Exercise description |
Give every line of the material back exactly, images removed.

Recorded data |

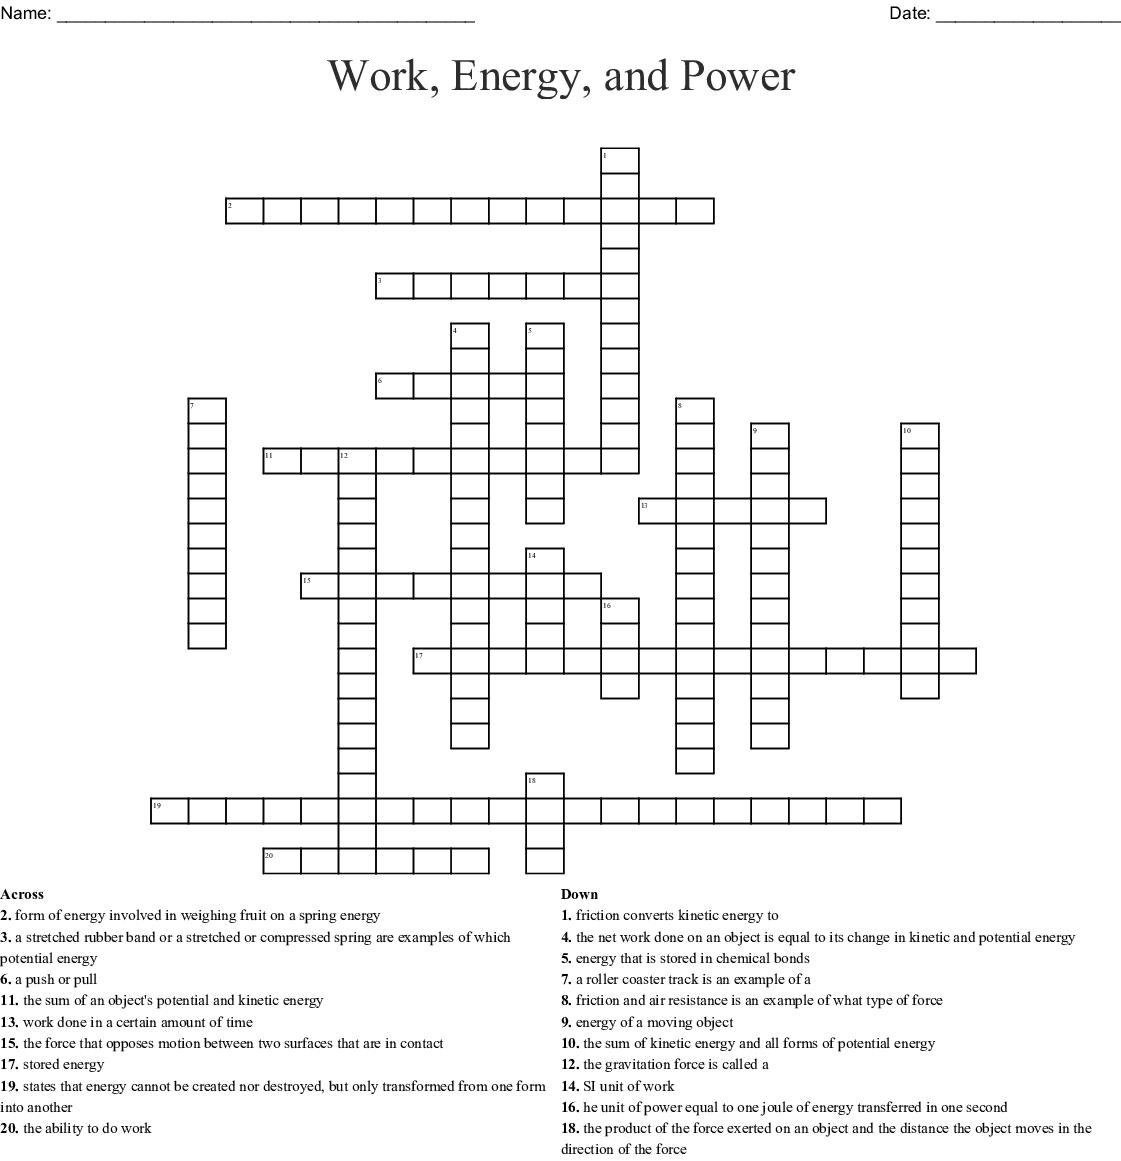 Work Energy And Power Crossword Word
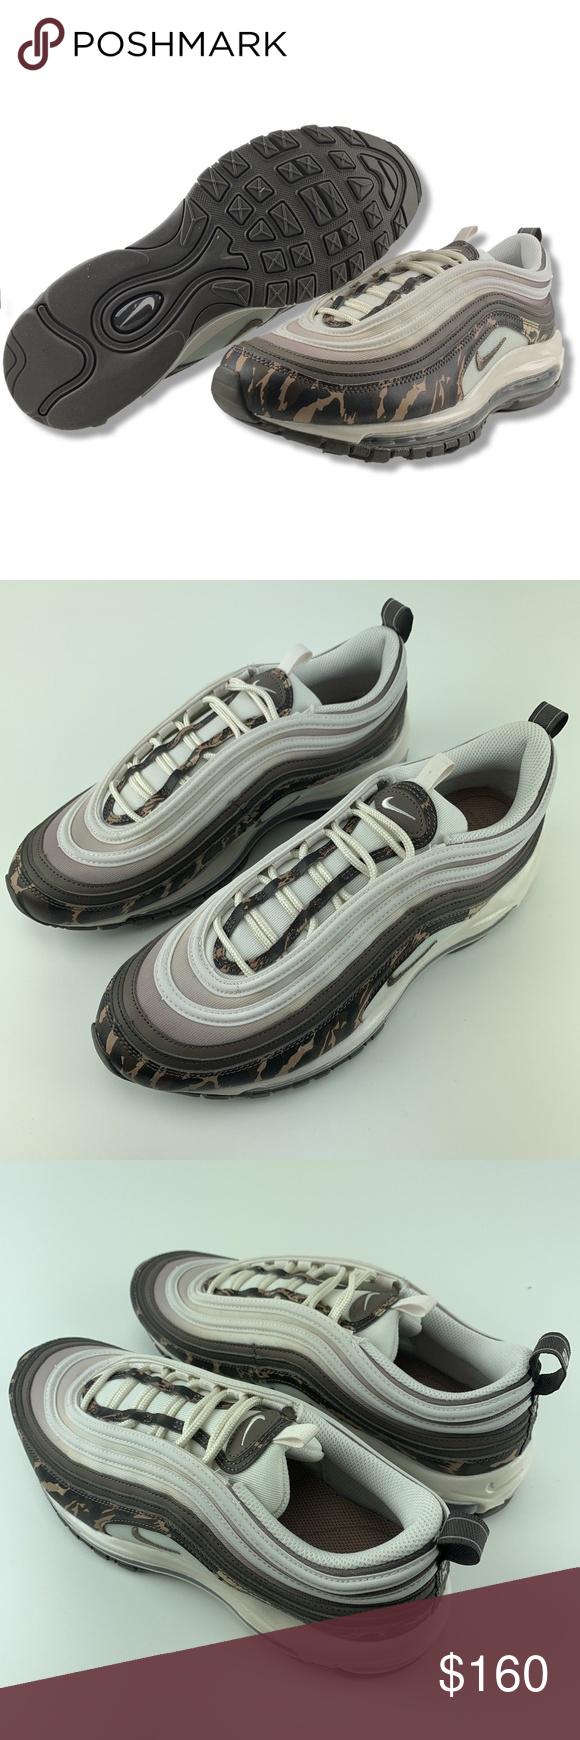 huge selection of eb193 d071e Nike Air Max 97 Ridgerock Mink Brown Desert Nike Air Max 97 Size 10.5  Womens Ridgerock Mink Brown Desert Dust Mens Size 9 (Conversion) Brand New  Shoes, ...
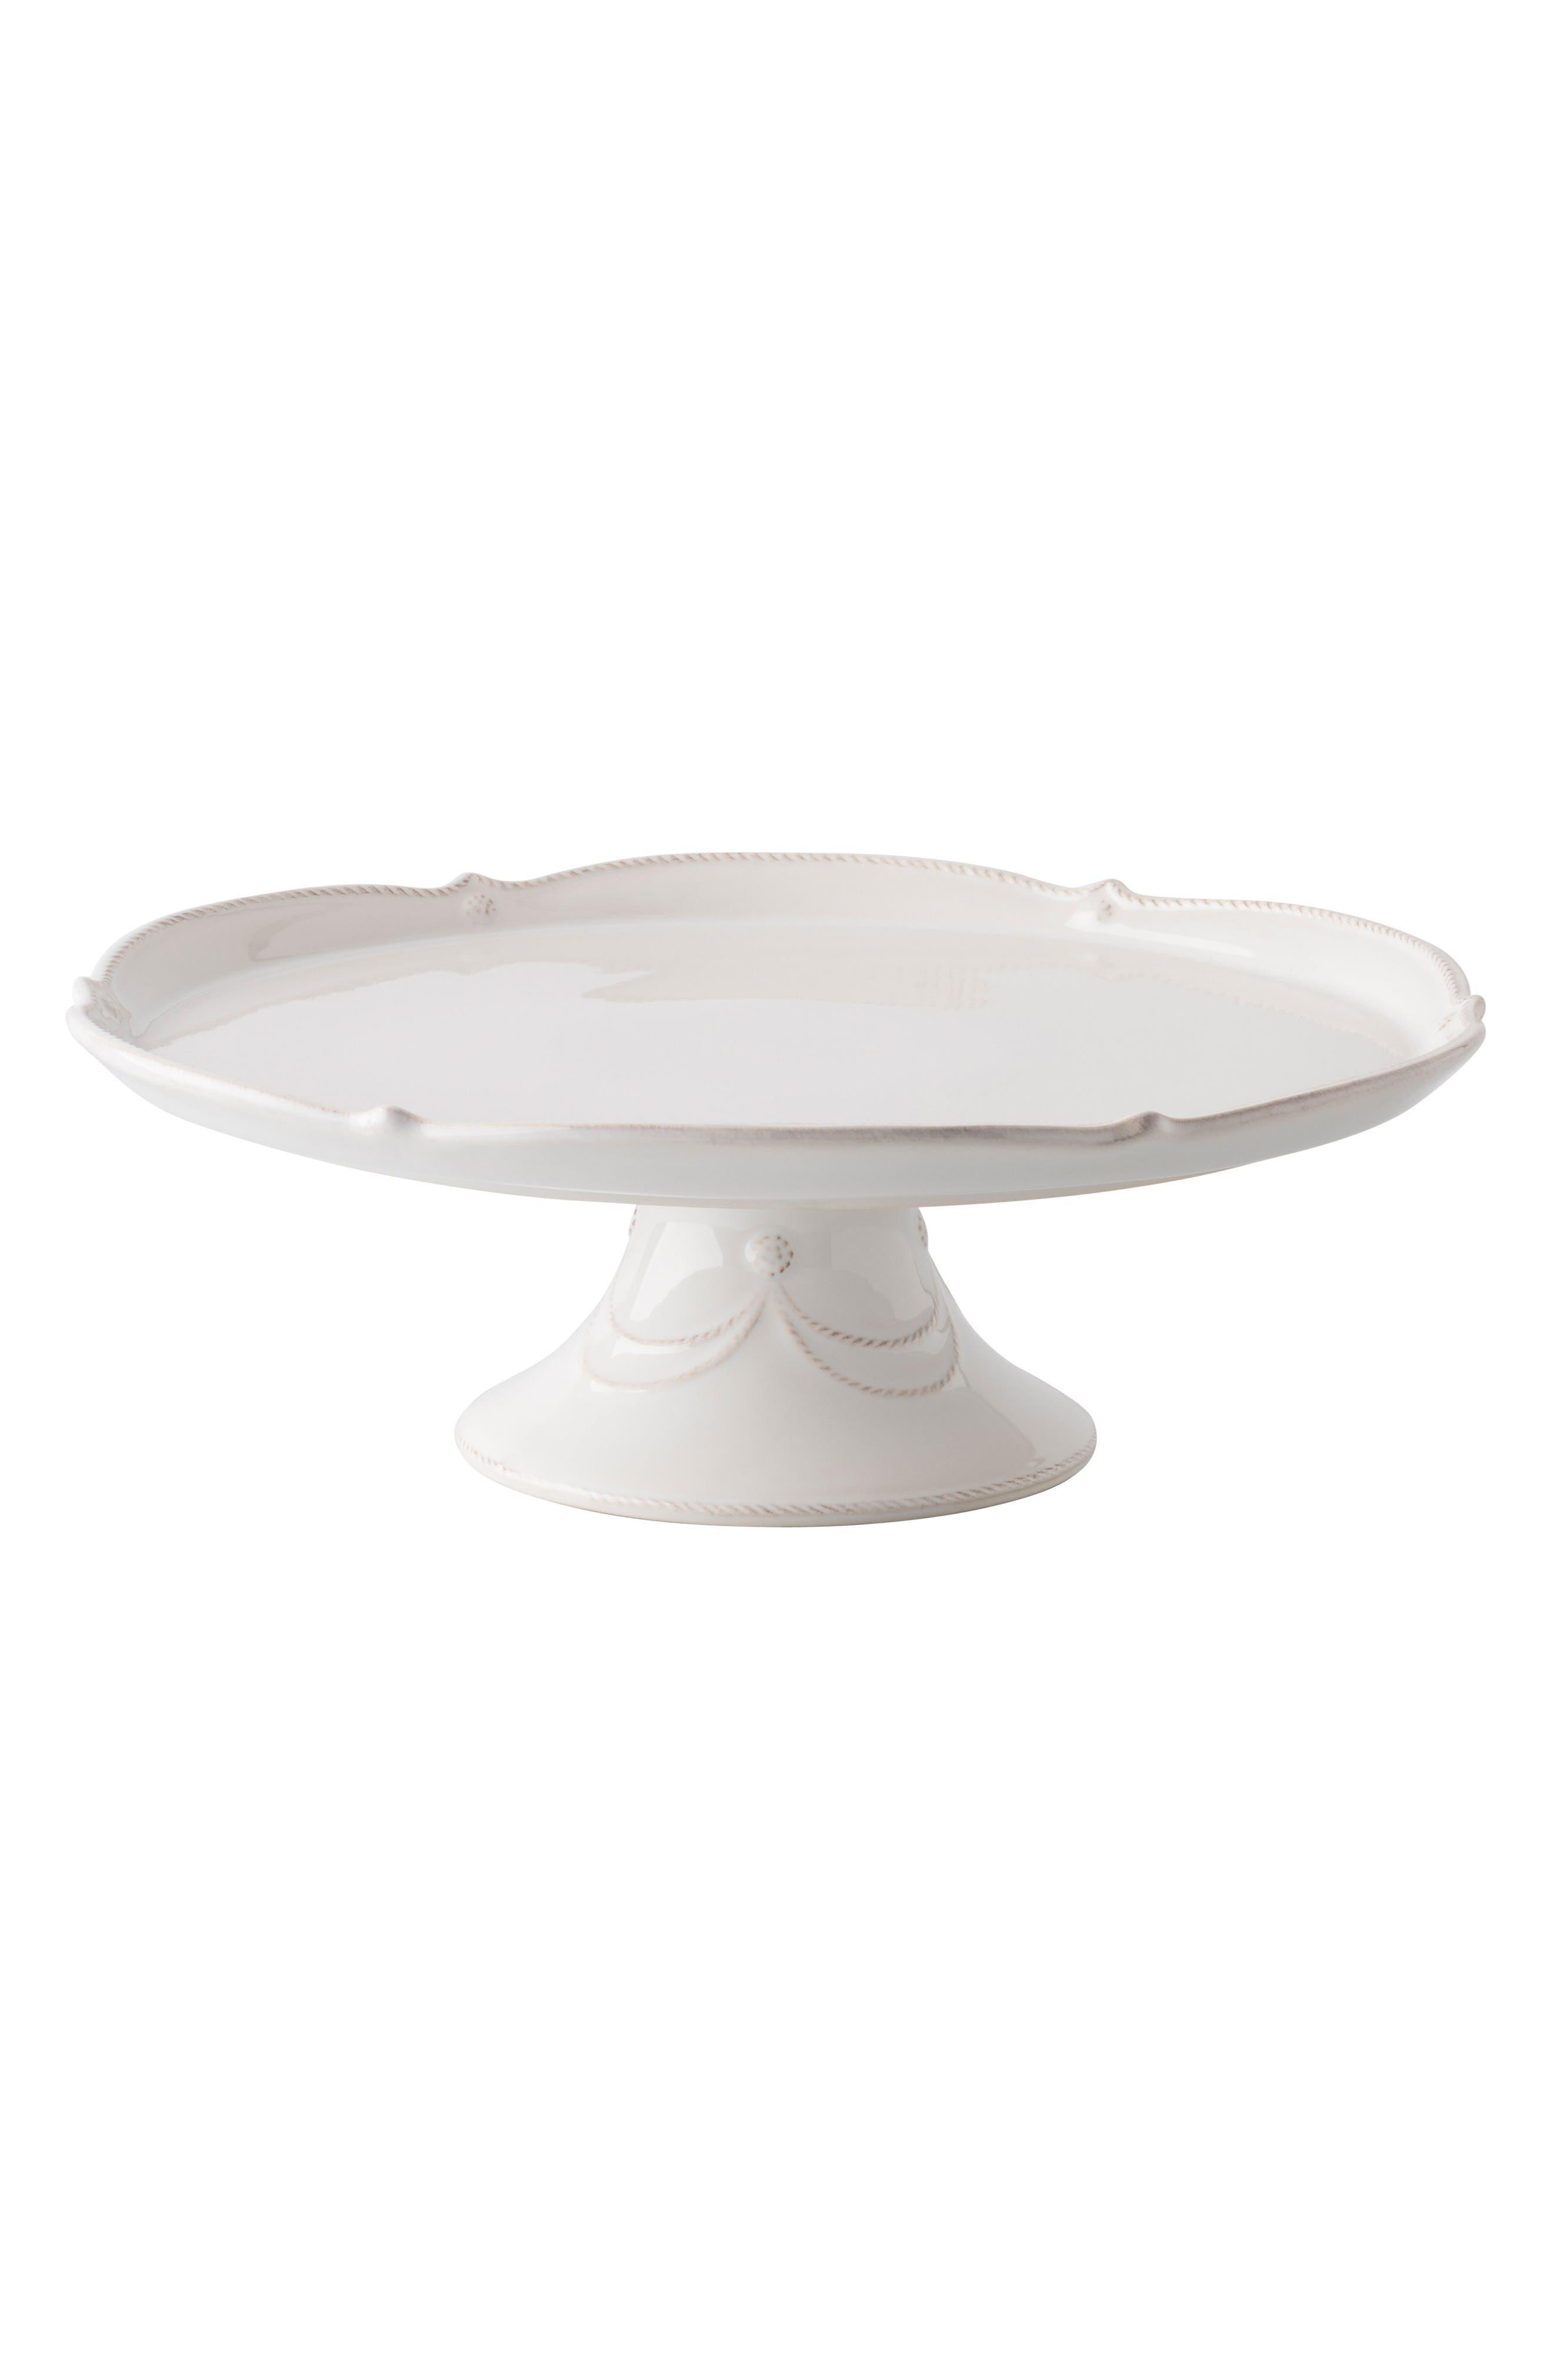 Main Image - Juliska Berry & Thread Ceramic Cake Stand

Task output |
 Work Energy And Power Crossword Word
 huge selection of eb193 d071e Nike Air Max 97 Ridgerock Mink Brown Desert Nike Air Max 97 Size 10.5  Womens Ridgerock Mink Brown Desert Dust Mens Size 9 (Conversion) Brand New  Shoes, ...
 Main Image - Juliska Berry & Thread Ceramic Cake Stand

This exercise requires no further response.